MS: It’s not affected you at all has it?
EW: No. No [laughs] No. No, you didn’t. You just didn’t cause any trouble at all.
MS: What was the best thing you remember about the war years as a child?
[recording paused]
EW: Occasion. I can’t let this go. On Boultham Park Road there was a shop called Brancasters. It was a general store.
[recording paused]
EW: Information that they got some chocolate bars in there which was as scarce as rocking horse droppings of course.
[recording paused]
EW: Coupons so, which we produced them. He said, ‘Well, with the coupons you’ve got,’ he said, ‘I can let you have a Mars bar to share between you.’
[recording paused]
EW: Others, we used to go fishing.
[recording paused]
EW: And we used to make our own jam butties and take them down and we used to down on the Witham at the back of what is now Walker’s Crisps and we used to fish and that river was crystal clear. You didn’t need, the rods we made ourselves and all this sort of thing and we used to fish until we got fed up with it and then it used to be a case of take our clothes off and in the water. Anyway, one day I was fully dressed and I went home wet through and dad said, ‘What you have you been doing?’ I said ‘I fell in the river.’ He said, ‘You’re not going fishing again,’ he said, ‘Until you’ve learned to swim.’ So I was sent to learn to swim to a friend of his who was in the Yorkshireman Society with dad because he was in to that and he, on my first lesson he said, ‘You’re not going to take long to get going.’ So, he said, ‘You can swim.’ He said, ‘Where did you learn that?
[recording paused]
EW: I said, ‘I learned in the river with the others.’ [laughs] You know. And they were, they were really good times. We used to go down there with you know possibly a bottle of pop which was a glass bottle with a charge on the bottle which we used to take back and get the money. And we used to just while away the time fishing or swimming until the girls got to know.
MS: Ah.
EW: And they came, the girls used to come down from, you most probably knew them, I don’t know they used to come down from Russell Street and all the rest of it because they knew we were swimming in the nude like.

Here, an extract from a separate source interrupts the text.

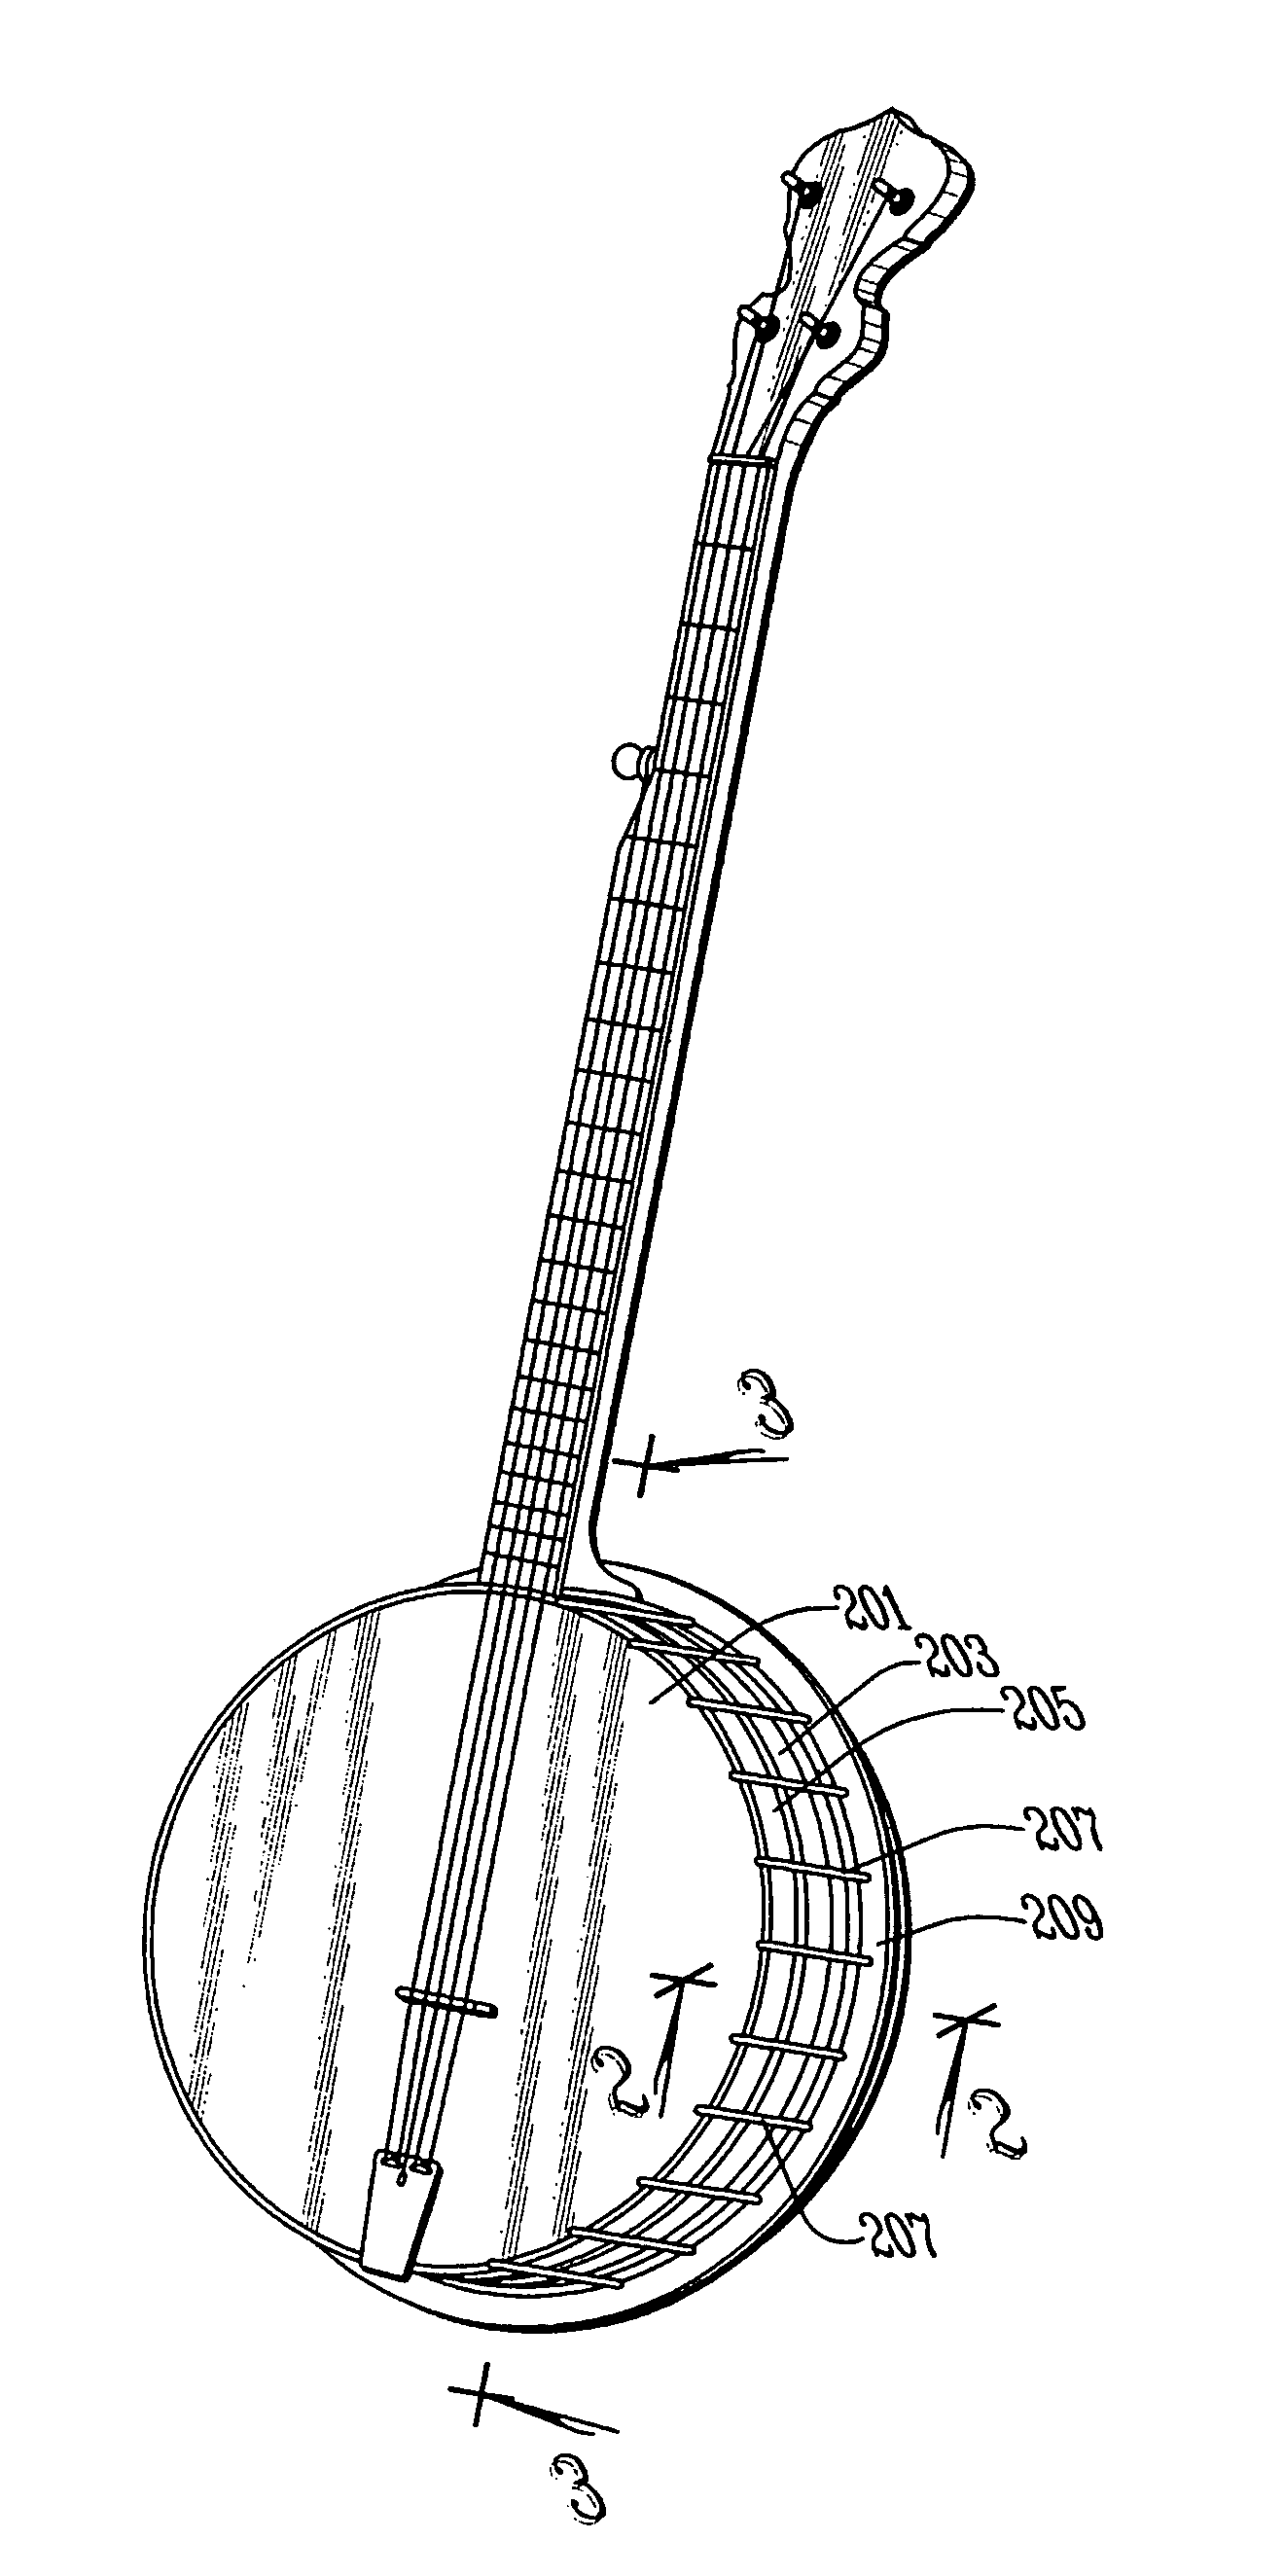 Banjo tensioner
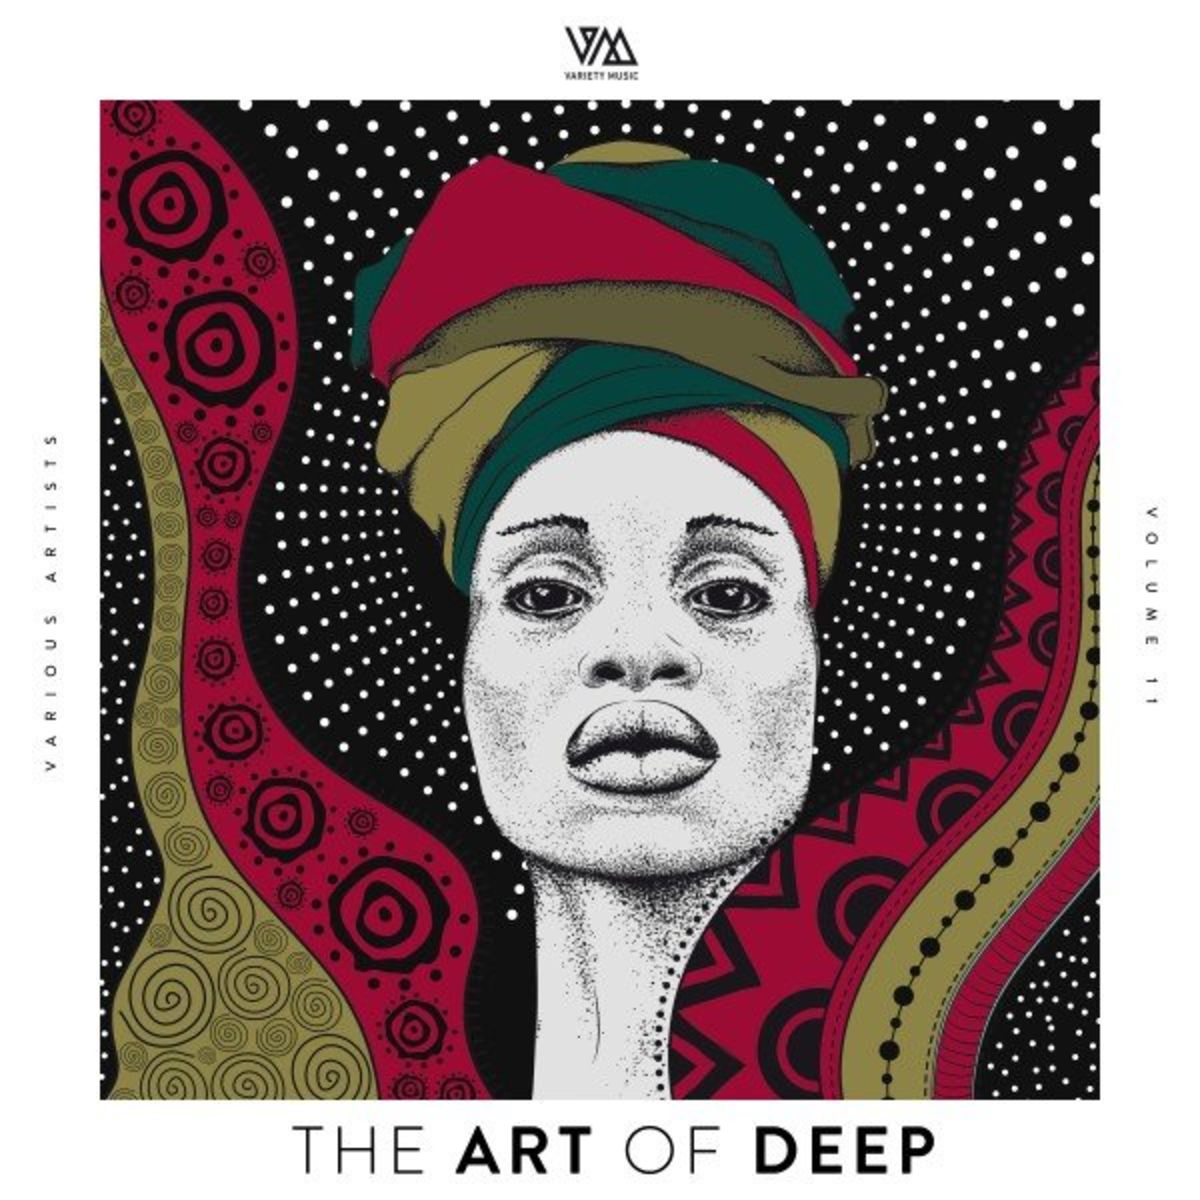 VA - The Art of Deep, Vol. 11 [VMCOMP793]

So, we used to get in the water and we wouldn’t come out.
AW: Oh dear.
MS: Do you think they knew that as well?
AW: It’s a wonder they didn’t pinch your clothes.
EW: Well, I don’t know. I think we had, we had a good system all around really. But no, we used to make all our own amusement, you know. We, we used to go to football occasionally and it was a leather football with a blow-up bladder inside it.
MS: Yeah.
EW: And it had to be laced up and one of the masters at Sincil Bank School, that was Eric [Jobley] who, I think he was the science master there. I’m not sure.
[recording paused]
EW: We used to take it to him and he used to repair it and put it all back together and lace it up.
[recording paused]
EW: So, football. Cricket was a little bit different because you weren’t dependant —
[recording paused]
MS: You’re a Yorkshireman. You should be able to play cricket.
EW: Yeah. I know. Play on the, on the mining ground where they used to use a lump of coal as a ball.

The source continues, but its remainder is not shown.